How to complete this task – The needed output is the run of lines below from the one containing "Deckelbezug Soft –" through the one containing "Coworking过程,设计", copied exactly and free of pictures.

Given data –
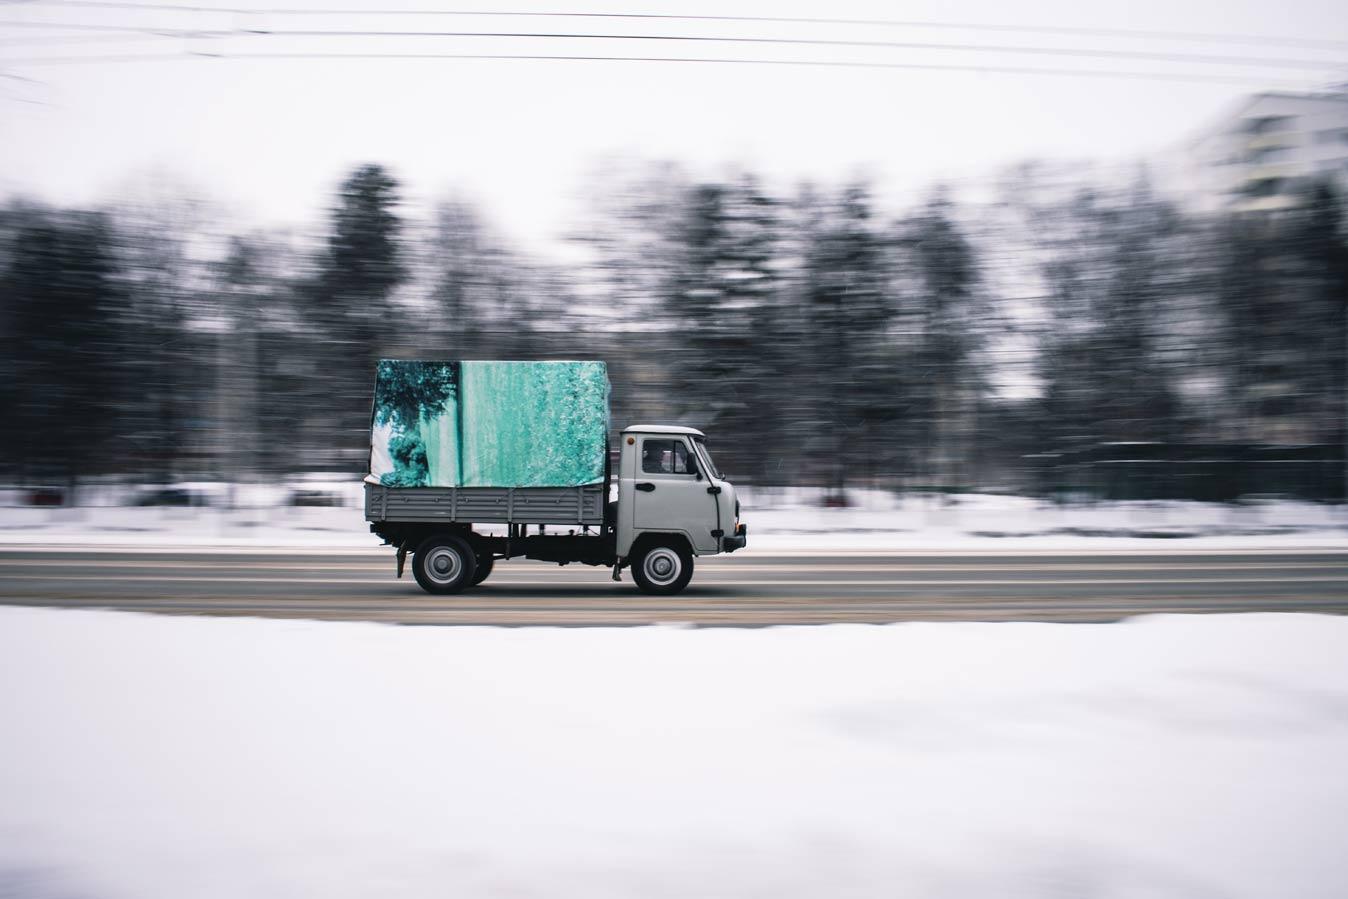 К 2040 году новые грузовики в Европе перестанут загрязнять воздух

==

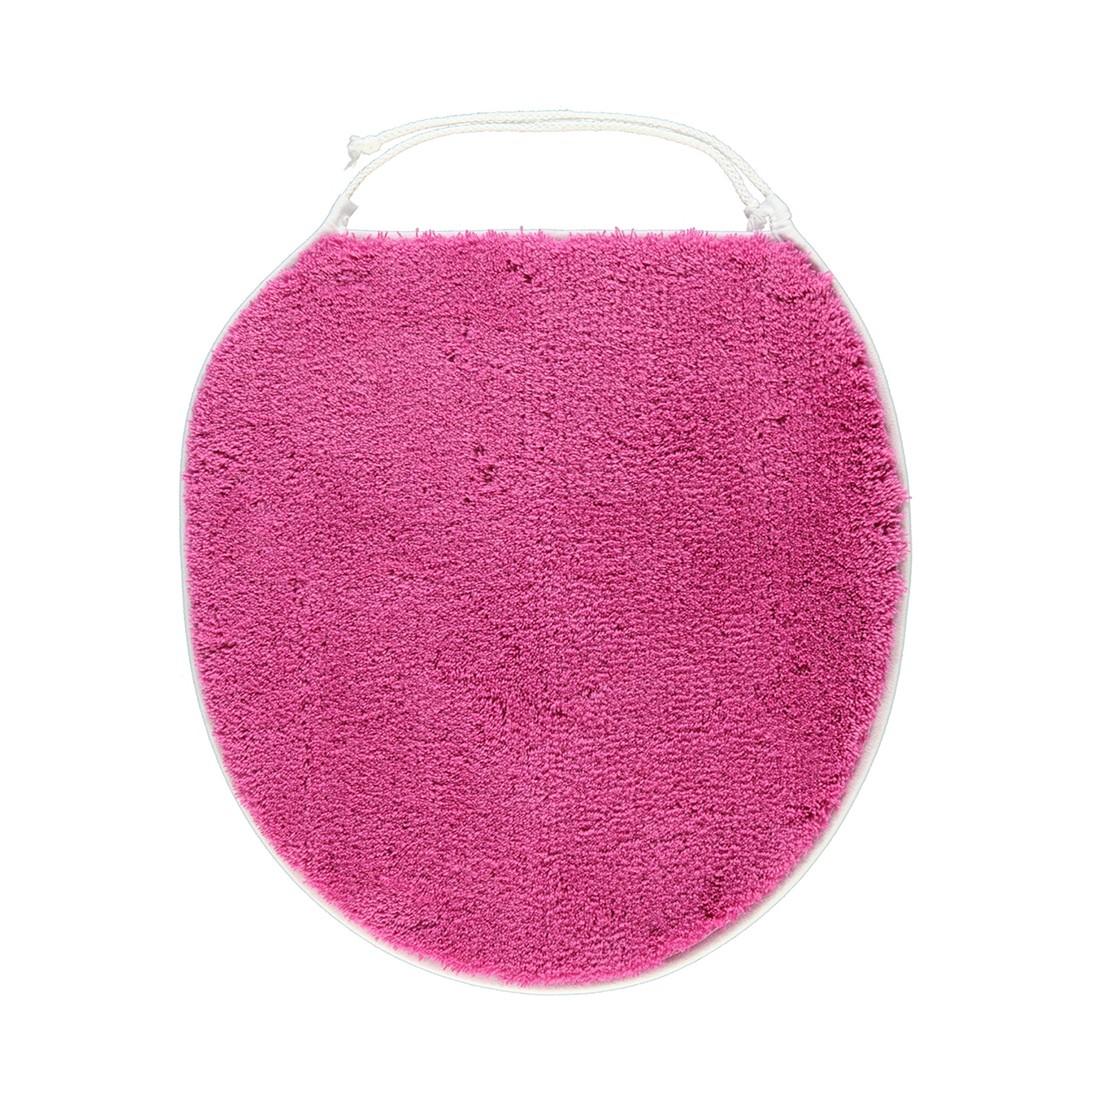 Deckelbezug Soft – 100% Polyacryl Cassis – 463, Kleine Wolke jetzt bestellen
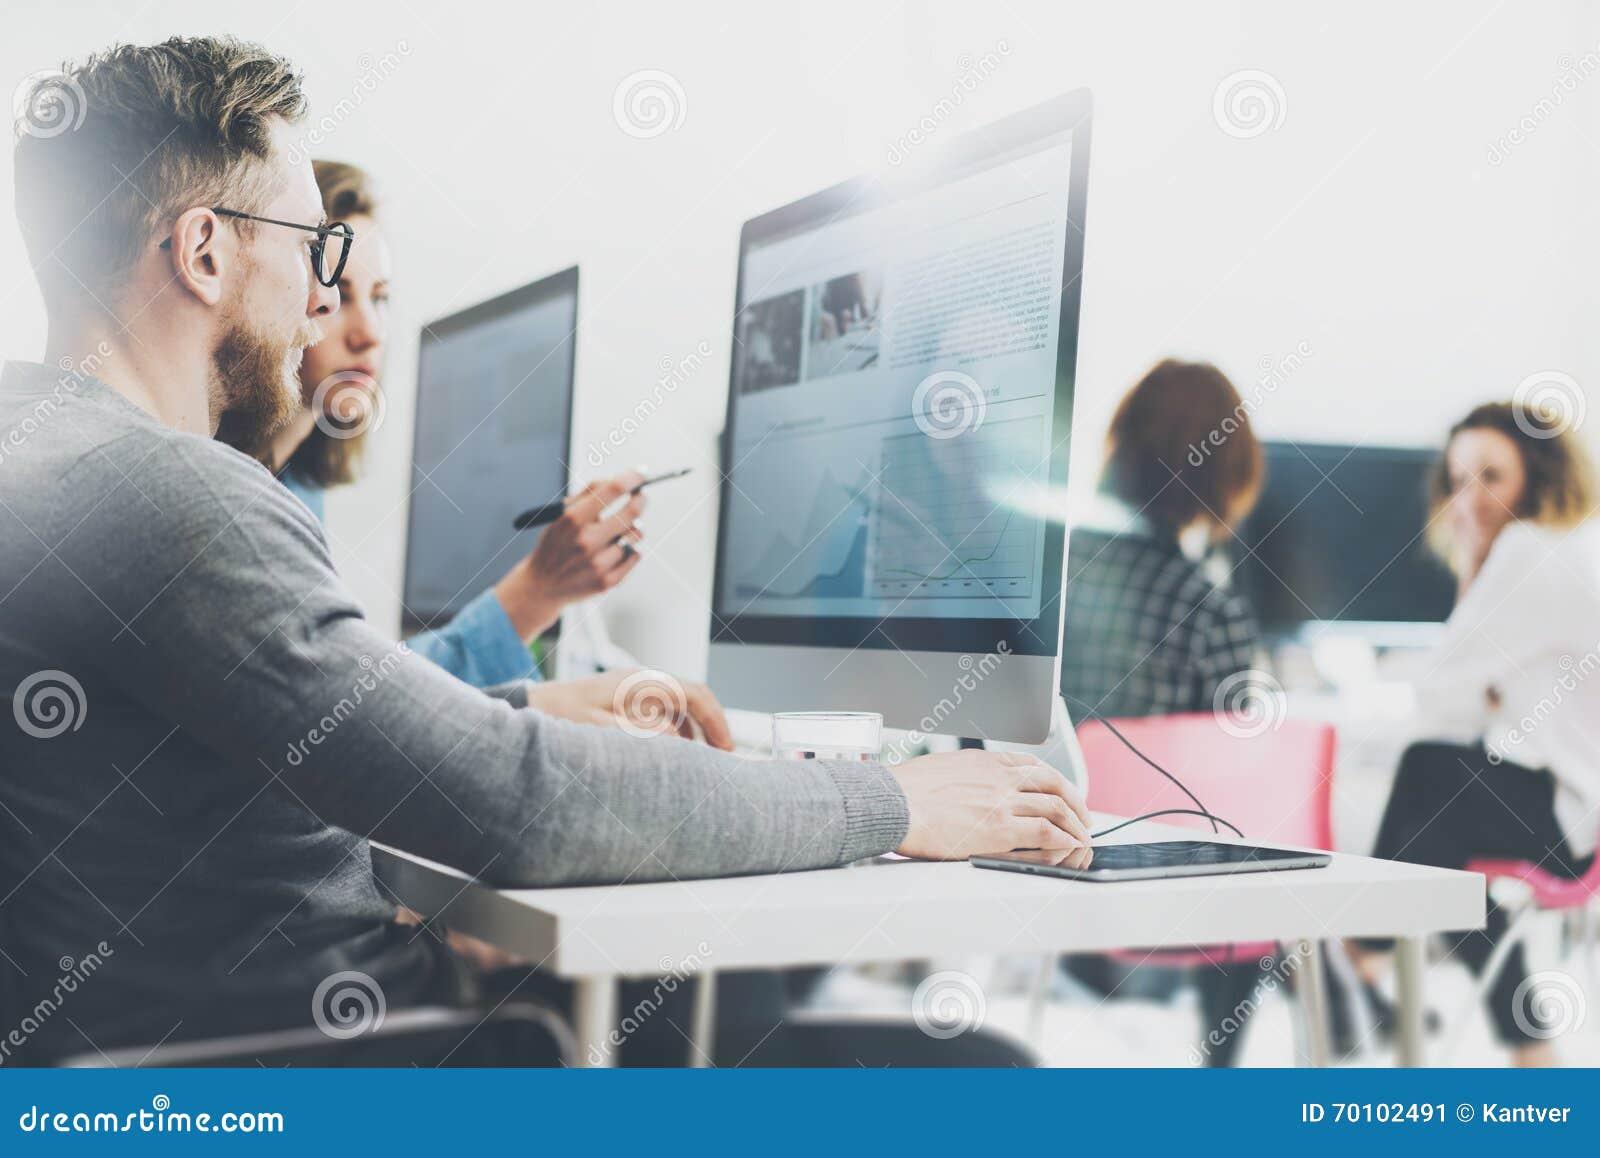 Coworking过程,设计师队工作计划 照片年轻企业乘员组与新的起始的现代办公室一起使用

--

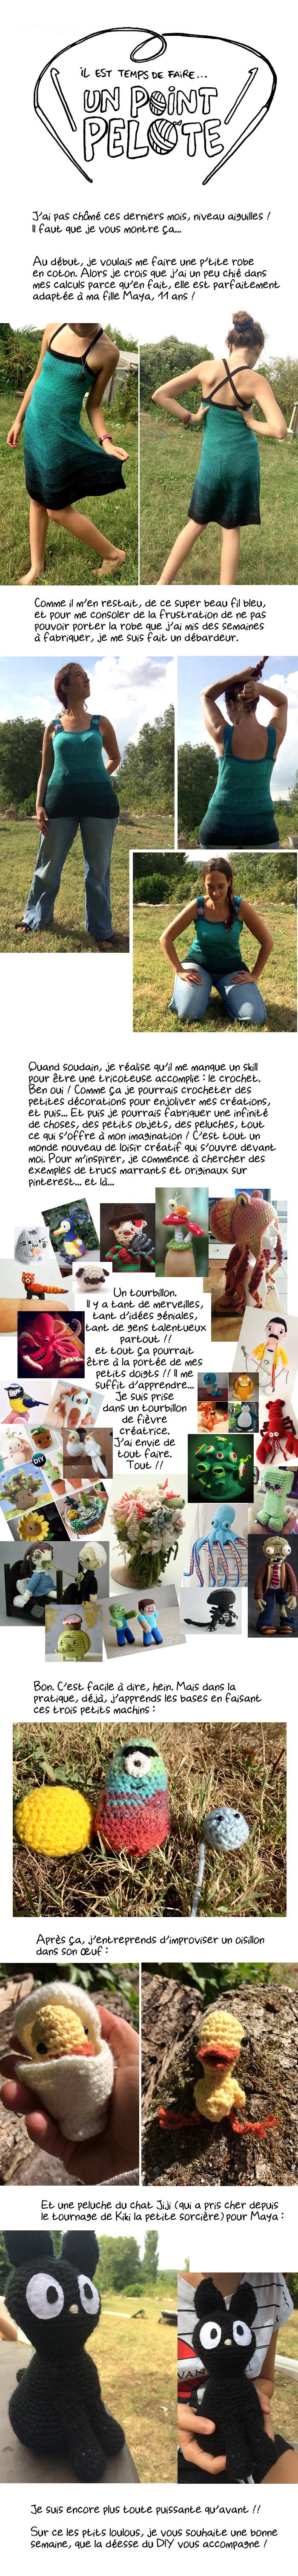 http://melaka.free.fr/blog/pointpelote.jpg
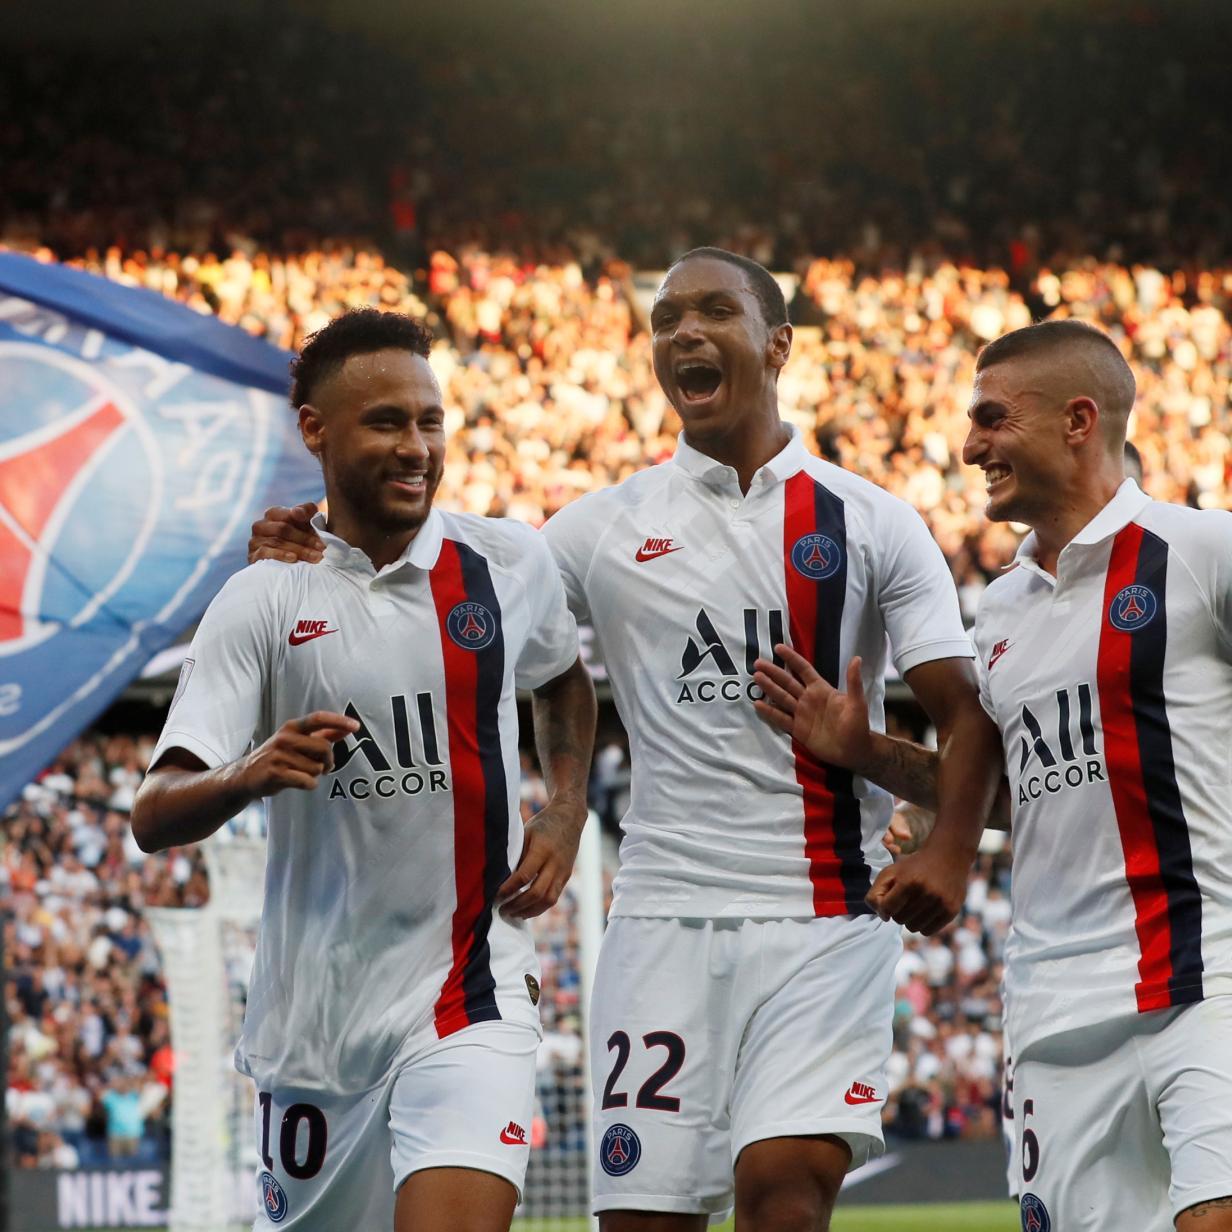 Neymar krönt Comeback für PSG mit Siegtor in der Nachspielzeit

Solution for this problem –
 Deckelbezug Soft – 100% Polyacryl Cassis – 463, Kleine Wolke jetzt bestellen
 Coworking过程,设计师队工作计划 照片年轻企业乘员组与新的起始的现代办公室一起使用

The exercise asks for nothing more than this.